Borrowing money to invest in the stock market is a terrible idea for a regular investor. If you’re a genius investor, maybe you can make some profit, but I know it’s not the right move for me. Unfortunately, there are many ways to go into debt to invest.
Peer to peer lending. A few days ago, I saw a loan on Prosper. Prosper.com was asking for $15,000 to “invest in high quality stocks.” The interest rate on this loan is 12%. Here is their strategy – This loan will be used to invest in high quality US stocks like Apple and IBM. There is no way that I will lend to this investor. It’s not easy to beat 12% interest. What happens if the market continues to perform badly over the rest of this year? Can this investor pay back the loan if the market doesn’t improve quickly?

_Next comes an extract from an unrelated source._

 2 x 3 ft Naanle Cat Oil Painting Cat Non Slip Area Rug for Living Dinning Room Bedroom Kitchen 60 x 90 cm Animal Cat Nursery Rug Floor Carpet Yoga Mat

Margin Buying. If you have some equity in a brokerage account, you can apply for a margin account. Generally, you can borrow up to 50% of the value of your account to invest. In the 90’s, I signed up for a margin account because everyone I knew was making a bunch of money from tech stocks. It was great for a couple of years and paying interest wasn’t a big deal when the stocks were doing well. Once the dot com bubble popped though, the margin call came in. If the value of your account is not enough to cover your margin position, you have to add more money to your account or else your stock position would be sold. This locks in your loss and drives the market down further. So I learned my lesson and stayed away from the margin account ever since.

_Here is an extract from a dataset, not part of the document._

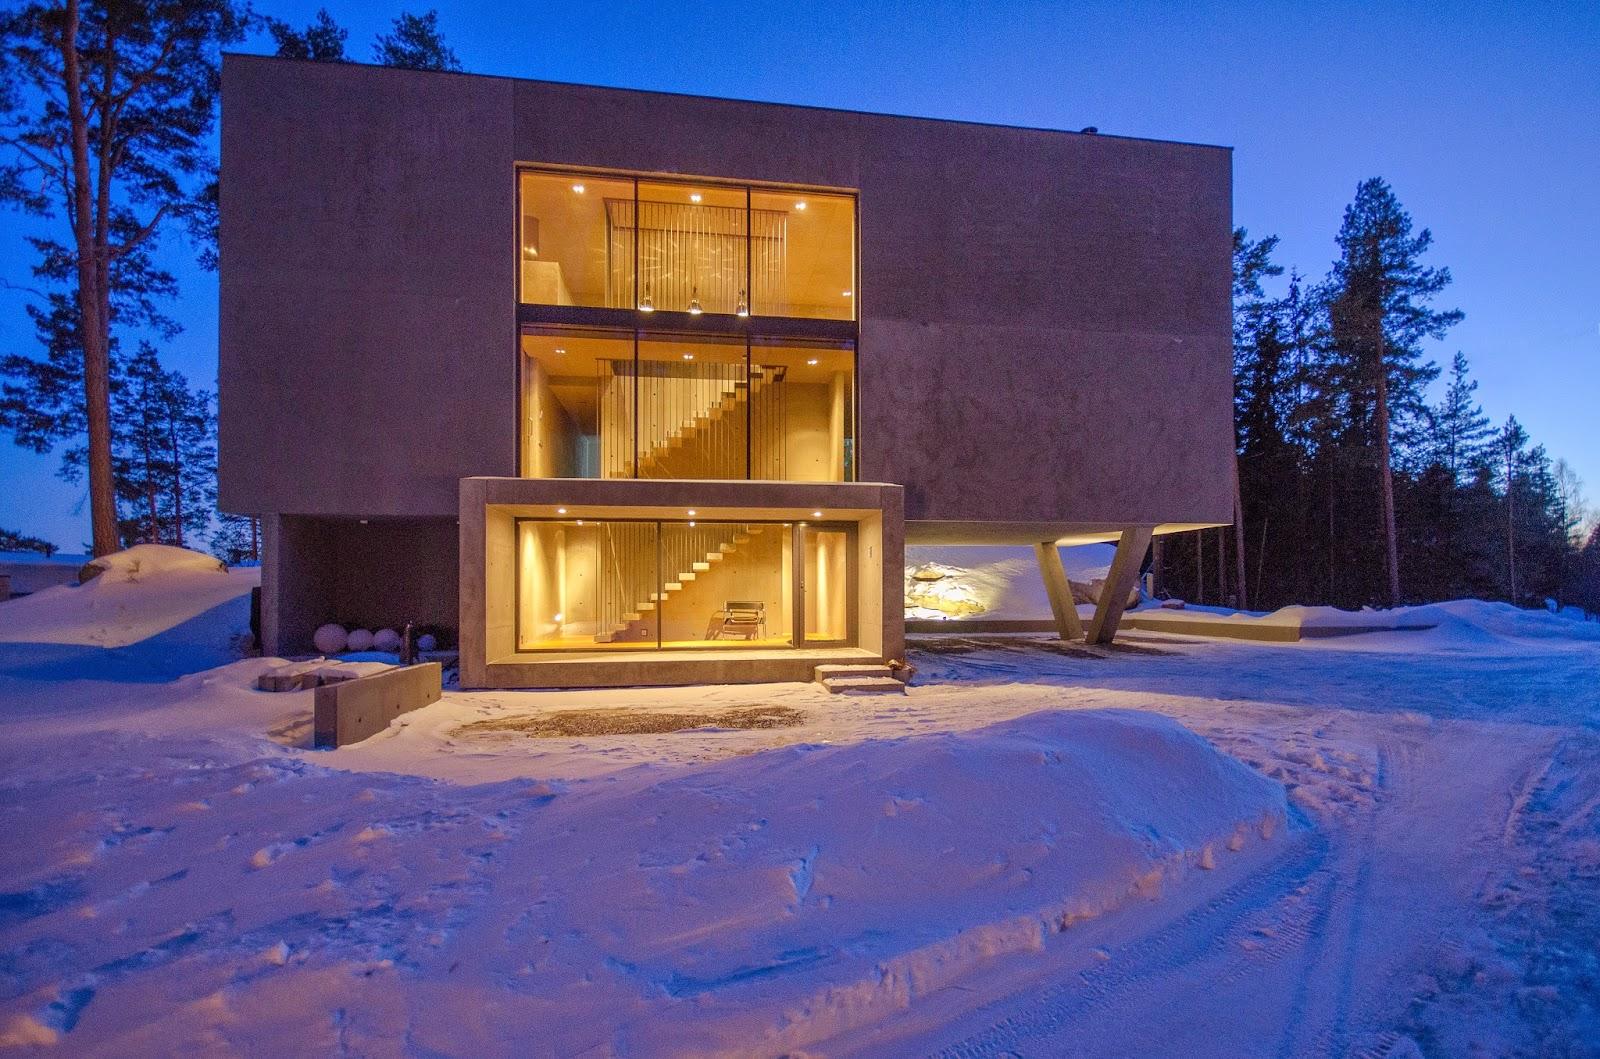 Dieses betonhaus ist das ergebnis einer starken vision der architekten und hausbesitzer und belegt daß rauer beton richtig kombiniert ruhig und gemütlich

Credit card. I hope nobody seriously considers using their credit card to invest. The interest rate is so high and I don’t think it’s worth putting your credit at risk. I think the rates are higher than the 12% from Prosper, right? Has anyone done this?
Borrow from 401(k). You can borrow from your 401(k), but this would put your retirement investment at risk. If you lose your job, you would have to pay back the whole amount or else you’ll have to pay taxes and penalties. The only scenario I can think of that makes sense is if you borrow from the 401(k) and then reinvest it again in the 401(k) to get employer matching. Is this an easy way to get 100% gain? Some plans disallow new contributions if you have an outstanding 401(k) loan so the company is guarding against sneaky people this way. I’ll have to check and see what my company’s policy is. Anyway, I recommend against borrowing from your 401(k) to invest. Even if you get a 100% match, it’s better to add new money from your paycheck than to borrow.
There are many other bad ways to borrow money to invest. You can get a home equity loan, borrow from friends and family, and more. I think all these are bad plans. If you do any of these, you’re thinking only about the short term gain. The stock market is much more reliable to make money over a long period of time. When you have to pay back the debt in a set amount of time, you’ll be in a rush and take more risks. When you’re in a schizophrenic stock market, it can be very difficult to make enough profit to beat the interest rate. Personally, I avoid borrowing money to invest in the stock market at all costs. I know that my risk tolerance is not high enough to do that. What about you? Have you borrowed money to invest in the stock market?